第三話 郷愁の星空(03)

 睦月はドローンの動きを監視しつつ、扉の外に向かって返事を返す。使用人はいないので、ノックをしたのはこの屋敷の主に違いない。


「いいかしら。それとも、仕事中?」

「えっと、二分ほど待ってもらっていいですか」


 睦月はドローンを回収してから、扉を開ける。


「ごめんなさいね。お邪魔だったかしら?」

「いえ、これから休憩しようとしていたところです」

「あらあら、ちょうど良かったわ。それならお昼をご一緒しないかしら?」

「お昼ですか?」

「お昼は何を?」

「えっと、これですが」


 ここへ向かう途中で買ってきたコンビニの袋を抱えてみせる。お気に入りのチキン南蛮弁当とペットボトルのウーロン茶が入っている。


「それだけだと栄養が足りないでしょ。おばあちゃんの作るご飯だから、若い人のお口に合わないかもしれないけど、よかったら食べてって」

「いいんですか?」

「もちろんよ」


 そういって柔和な笑みを見せる華に睦月は、もうしわけないですと、頭をポリポリとかいた。睦月も自炊しないわけではない。RDIにいた頃は特に、日本食が恋しくて自炊をすることの方が多かった。しかし、日本に戻ってからは、スーパーやコンビニとすぐに日本食が手に入る環境では手を抜くと言うもの。

 それでも、メイを引き取ってからは夕食だけはしっかり手作りしていた。
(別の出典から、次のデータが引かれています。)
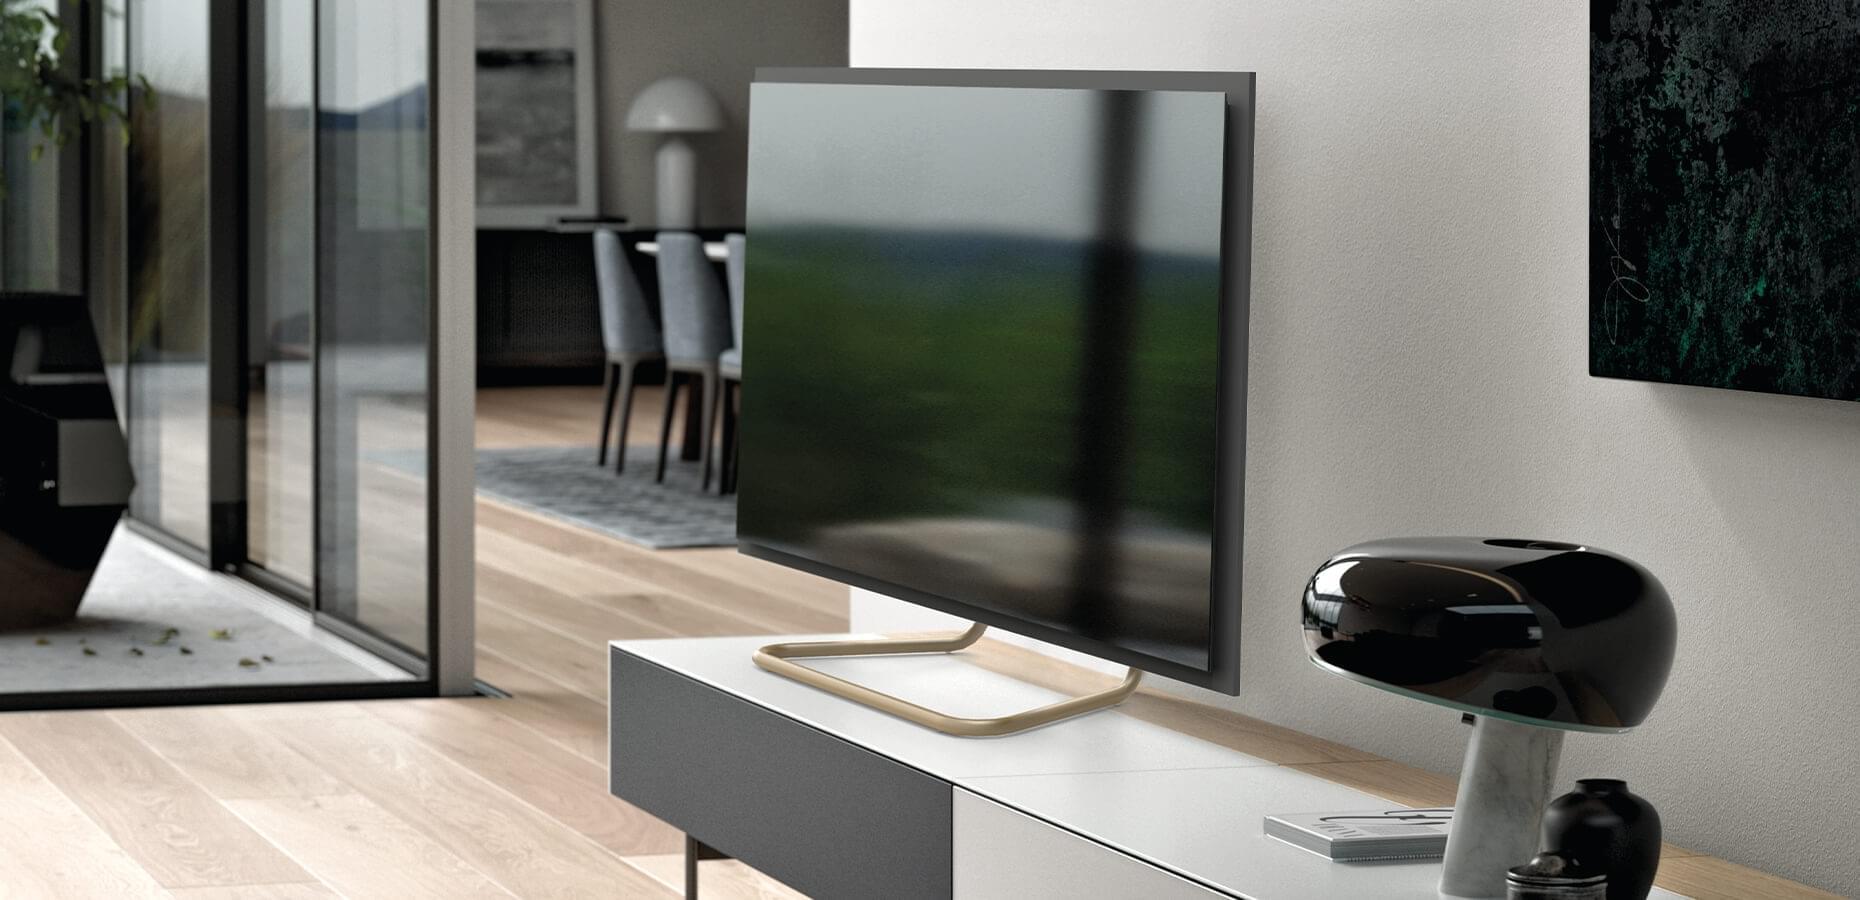 Spectral Tube GX21-55 tv-standaard voor LG GX gallery design tv

だからと言って、弁当を手作りするほどではないのだ。

 

 華に案内されてダイニングに通されると、しょうゆや味噌のいい香りが漂っていた。彼女が言ったように、そこに並んでいたのは、純和風の食卓が出来ていた。レンコンと蕗の煮物に、鮭の切り身、お味噌汁に、酢の物、香の物が二種類。お金持ち感の全くな質素な食卓であるが、睦月はそれらが懐かしく思った。

 最近のコンビニや、スーパーの惣菜コーナーで見かけることもあるが、どうしてかその手の料理には食指が動かなかったからだ。


「そちらのお弁当も、温めましょうかね?」

「いえ、でも、これだけご用意いただけてますから」

「あら、そう言っていただけるのはうれしいけど、捨ててしまうのは勿体無いでしょう?」

「夜にでも食べますよ」

「そう?悪くならないかしら?」

「じゃあ、失礼かもしれませんが、冷蔵庫をお借りしても構いませんか?」

「もちろん構わないわ。貸して頂戴」


 コンビニ弁当を受け取ると、華はご飯と味噌汁をよそおって戻ってきた。


「さあ、頂きましょう」


 彼女は当たり前のように睦月の隣に座ると、睦月が食べ始めるのを待った。

 見られていては緊張するなと思いながらも、勧められた味噌汁に手を伸ばす。鼻に抜ける香りに、心を落ち着かせる味わいにホッと一息ついた。睦月の母の味とはちょっと違うけども、和食というものが彼に懐古させる。


「美味しいです」

「そう。そういってもらえると、お世辞でもうれしいわね」

「お世辞なんかじゃないです。うちは少し前に母も亡くなって、こういう料理って食べる機会がなくて」

「そうなの。如月さんのお母様なら、まだお若いでしょうに。ごめんなさいね」

「ああ、いえ、気にしないでください。自分でも簡単な料理くらいはするんですけど、煮物とか手の込んだものはさっぱりなんで、本当にうれしんです。この酢の物もすごく美味しいです。酸味と甘さが完全に僕の好みですよ」

「あら、うれしいわね。じゃあ、こちらもどうぞ」


 はい、あーん。とばかりレンコンの煮物をつまむと睦月の前に差し出した。


「あ、あの。一人で食べれますよ」

「まあ、まあ、いいから、いいから」


 口を開けるまでやめる気はなさそうで、仕方なしに睦月はそれを口にした。醤油の甘じょっぱい味わいが広がった。


「お口に合ったみたいでよかったわ。でもね、煮物も酢の物も、そんなに手の込んだ料理と言うわけではないのよ」

「そうなんですか」

「ええ、だって酢の物って切って混ぜるだけなんですもの。煮物だってそうよ。材料を切って火にかけていれば勝手に出来てしまうわ」

「はは、そんな風に言われると本当に簡単そうですね」

「ええ。そうなのよ。料理はそんなに手間でもないから、よかったらまたお食事を一緒にしていただけませんか。私も一人で食べるよりこうして誰かとお食事できるのがすごく楽しいのよ」


 一人で食べるのがさみしいというのは本当だろうが、睦月としては時々伸びてくる華の手癖の悪さが気になるところである。それでも、”依頼人”ということもあって、笑顔で答える。


「断る理由がありませんね。あとでご相談しようと思ったのですが、自然型のDOORでしたので、調査に時間がかかるかもしれません」

「あら、それはうれしいわ。だって、如月さんがしばらく通ってくださると言うことなのでしょう」


 まるで女学生が憧れの男性に会う日を楽しみにするように心を躍らせる。睦月はそんな華を可愛いなと苦笑しつつ、「僕もここに通う楽しみが増えました」と答える。

 もちろん、世辞ではあるが。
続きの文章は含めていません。